# new boat



## dearl (Jun 19, 2010)

Hey guys been a while since I've been here. Well it happened, I was at the dock one saturday, and a guy ask was the Madd Catter for sale, Well if the moneys right it is. His offer has my attention, and before I knew it I sold the ole girl. Good boat, had fun building it but I am on to new and better things. I broke down and bought this Lowe 1655D tunnel hull With a hydraulic jack plate, and a 2008 Mercury 90/65 2 stroke. Front mounted console and plenty of floor area. This is a bare boat, clean canvas. Boat and motor weigh in at roughly 900 lbs. I have had it in the water 3 times, and 1st time i couldn't stop it from porpoising at 1/2 throttle. I took it home, and moved as much weight as I could forward, and it rides fairly comfortable now. It will push this rig 35 - 37, but man it drinks the gas at WOT . I figured it was getting 2.5 mpg at WOT. Wont be running her there much, its a shallow runner for sure, On plane I have been through 4"- 6" water no problem. Let me know what you think.


----------



## dyeguy1212 (Jun 19, 2010)

=P~ =P~


----------



## Zum (Jun 20, 2010)

I remember watching your build on your old boat,,,great job.
This boat looks nice,interesting layout.
What's the bow look like are you going to do a big mod?


----------



## dearl (Jun 20, 2010)

no big mods, yet. I like the boat layout, not much to change there, but there is the weight issue.

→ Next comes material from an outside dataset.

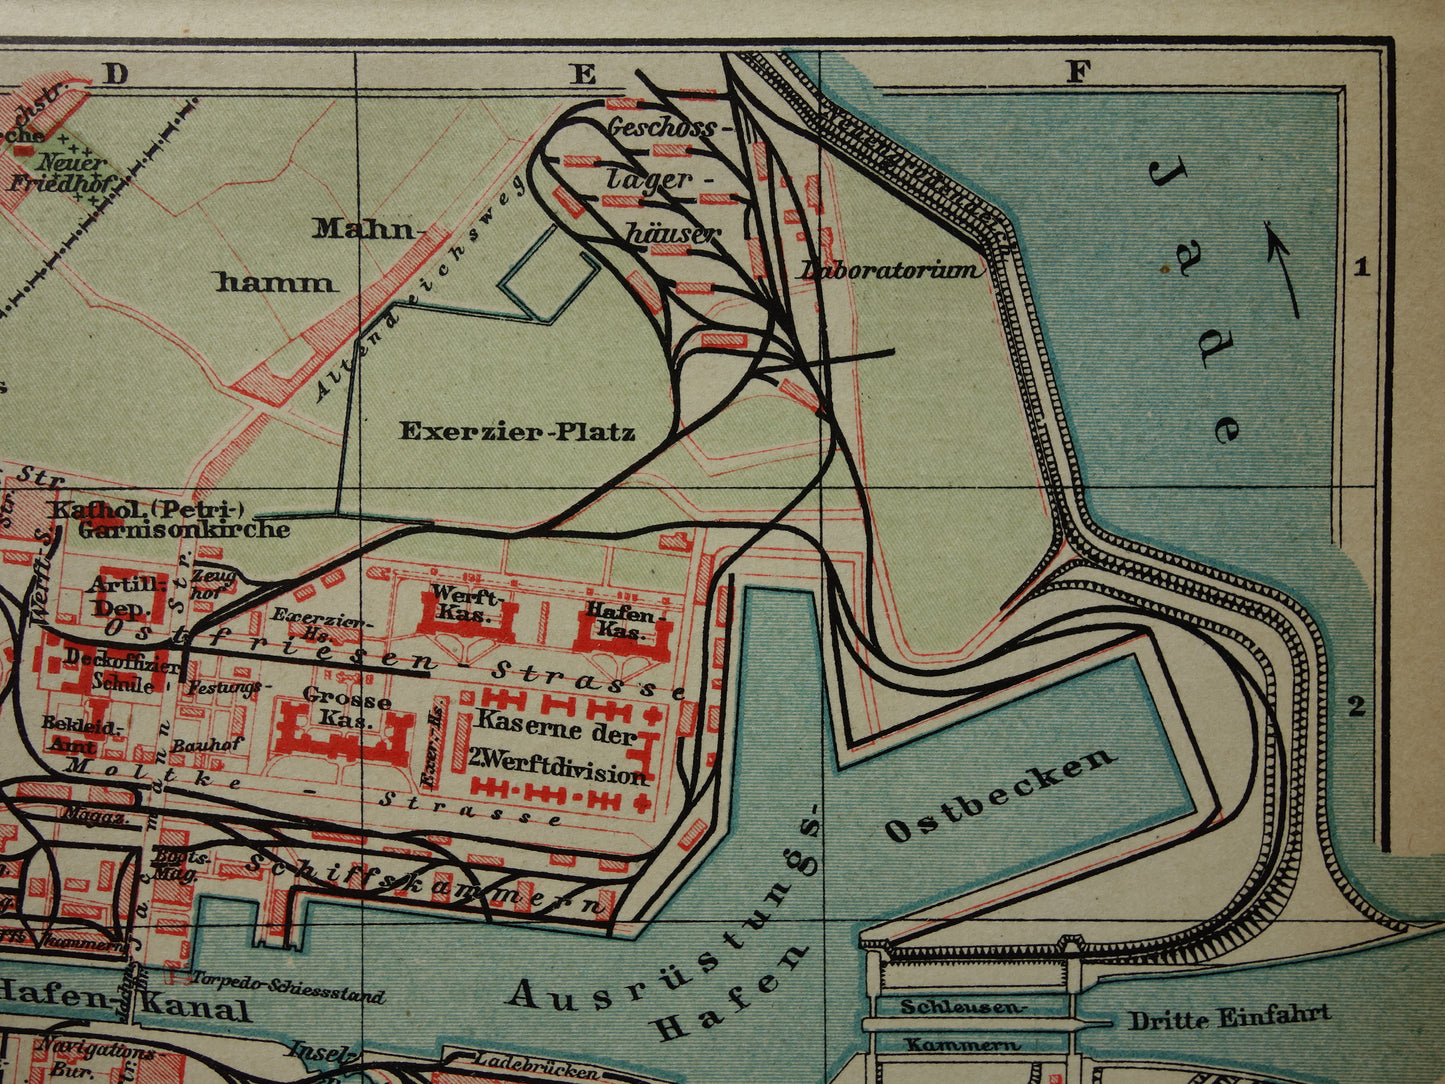 WILHELMSHAVEN antieke kaart kleine originele oude plattegrond Wilhelmshaven Duitsland vintage kaarten met jaartal

I have to keep it front heavy to keep the nose down. a forward mounted fuel tank, new depth finder, spot light, just the usual stuff.


----------



## fender66 (Jul 15, 2010)

Very sweet....I'm excited to see what you do with her in the future.


----------



## Jim (Jul 15, 2010)

Nice boat bud!


----------



## Troutman3000 (Jul 15, 2010)

Very Nice!


----------



## MadCatX (Jul 15, 2010)

Nice Rig man, how do you like the jet drive rather then the prop?


----------



## Quackrstackr (Jul 15, 2010)

dearl said:


> but man it drinks the gas at WOT .



My 2 stroke 90 Merc does the same thing.

HUGE difference between WOT and 3/4 or a little more. I can actually hear the check valve in my fuel tank clicking from the vacuum created at WOT. :shock: 

Nice boat. :wink:


----------



## fender66 (Jul 15, 2010)

Okay....I'll bite. What does WOT mean? #-o


----------



## perchin (Jul 15, 2010)

fender66 said:


> Okay....I'll bite. What does WOT mean? #-o



Wide Open Throttle


----------



## fender66 (Jul 15, 2010)

perchin said:


> fender66 said:
> 
> 
> > Okay....I'll bite. What does WOT mean? #-o
> ...



Now why didn't I think of that! Thanks.


----------



## MadCatX (Jul 15, 2010)

Its okay bro, I was like...WOT...hmm oh lol took me a few.


----------